Rather than continue to bite down hard on my tongue as I convinced myself that everything would be bearable with time, I voiced my concerns to my supervisors, and the rest of the puzzle pieces fell haphazardly into place. I finally unabashedly spoke up, inquiring about my own intention to remain in a position where I felt both belittled and disempowered from chasing my dreams. I spoke from my heart, begging to be understood, but students are meant to be publishing, not heard. Without further discussion, in rammed the freight truck, declaring a swift termination in my contract.
There are not often poignant endings to real-life stories, and this tale of truth is no exception. In all honesty, I am scared sleepless about the possibilities that my aspiration to live on a yoga teaching and freelance food writing salary is illogical. I’m frightened of the voices of reason chuckle at the low prestige of my life path compared to pursuit of a doctoral degree. I wince at the supervisor who wrote me off with a sarcastic scoff, “Good luck as a yoga teacher,” as he dropped the termination notice under my nose and waltzed out the door. I’m terrified that these noises will muddy my self-assurance and overpower my agency to pursue the work that I love.
Yet no matter how much fear is burning inside, there is no avoiding the inevitable, fiery force of transition.

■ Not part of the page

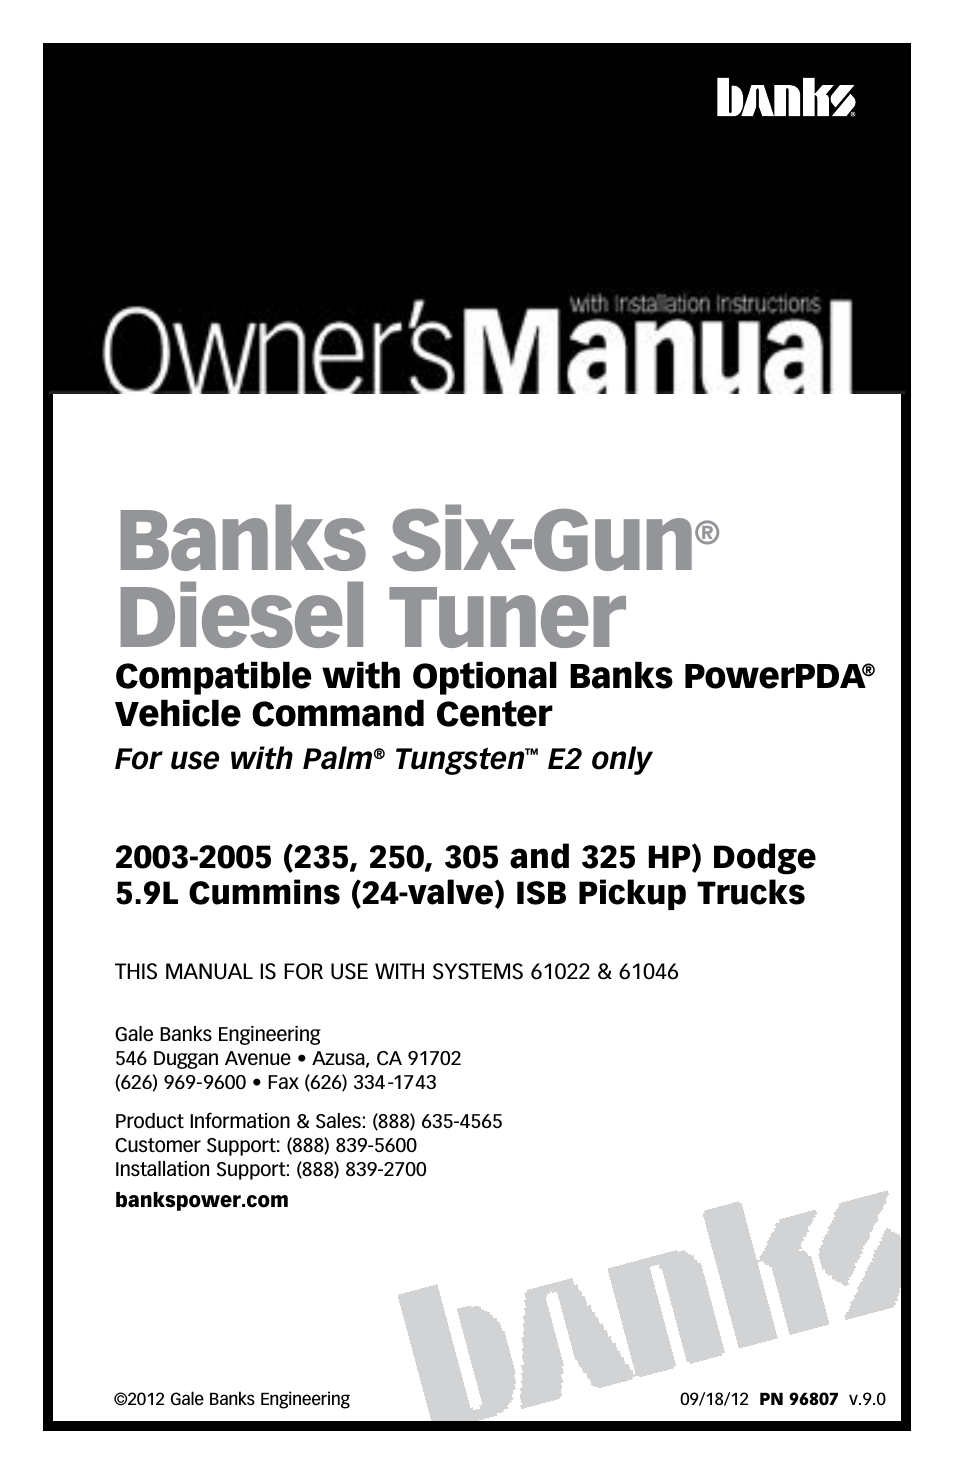 Dodge Trucks: (Diesel ’03 - 07 5.9L Cummins) Tuner- Six-Gun Diesel Tuner (235, 250, 305, 325 HP Dodge 5.9L Cummins (24-valve) Trucks) '03-05 Compatible with Optional PowerPDA
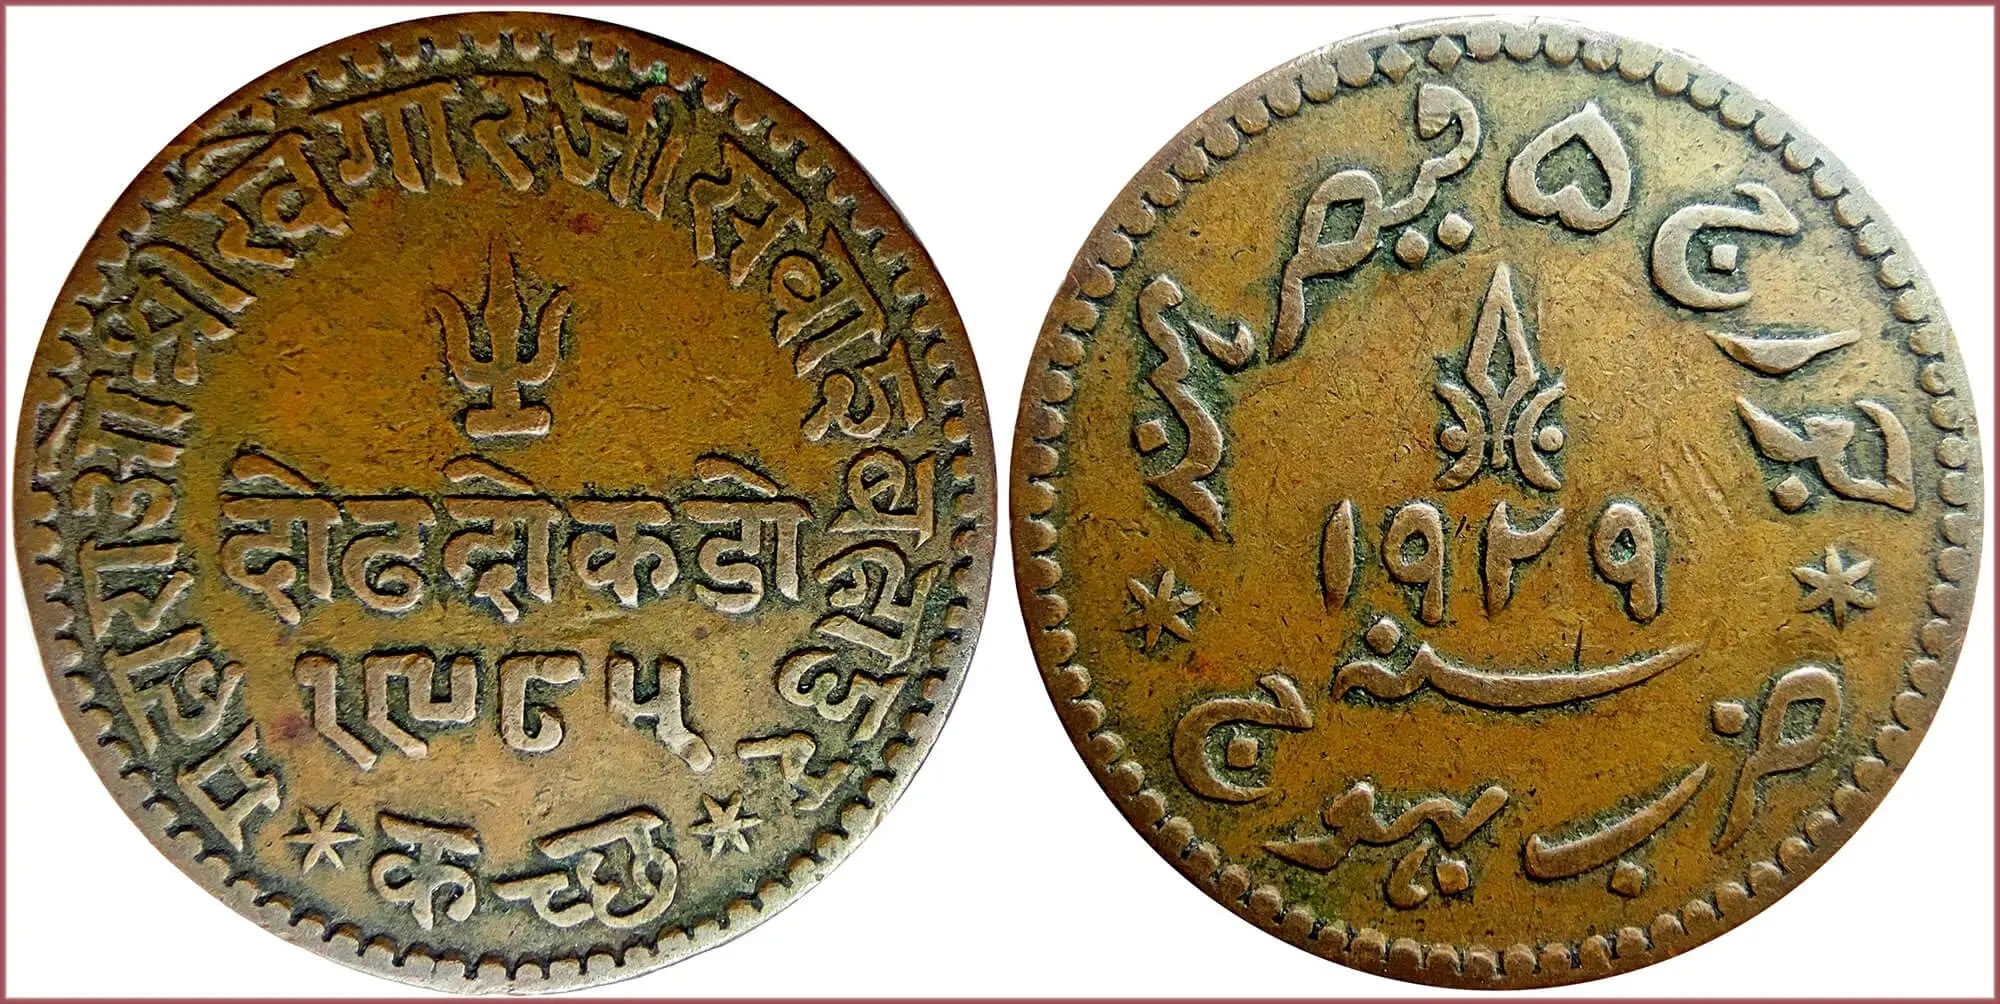 1,5 dokdo, 1929: Princely State of Kutch (India)

When life leads us to a dramatic change, we can either fall victim to the strength of the inner- and outer-critics, or we can stand tall with the fresh opportunity that each sunrise bestows. We can either continue ramming ourselves with full force into brick walls, or we can move back to travel forward in life. Each day, we can start anew in pursuit of the ever-evolving nature of our undeniable place in the world around us.
It is impossible to predict what changes or challenges the universe will deliver tomorrow, but today I choose to be propelled toward the light of passion, purpose, and positive action. With each Sun Salutation beaming bright through my body, I choose to rise.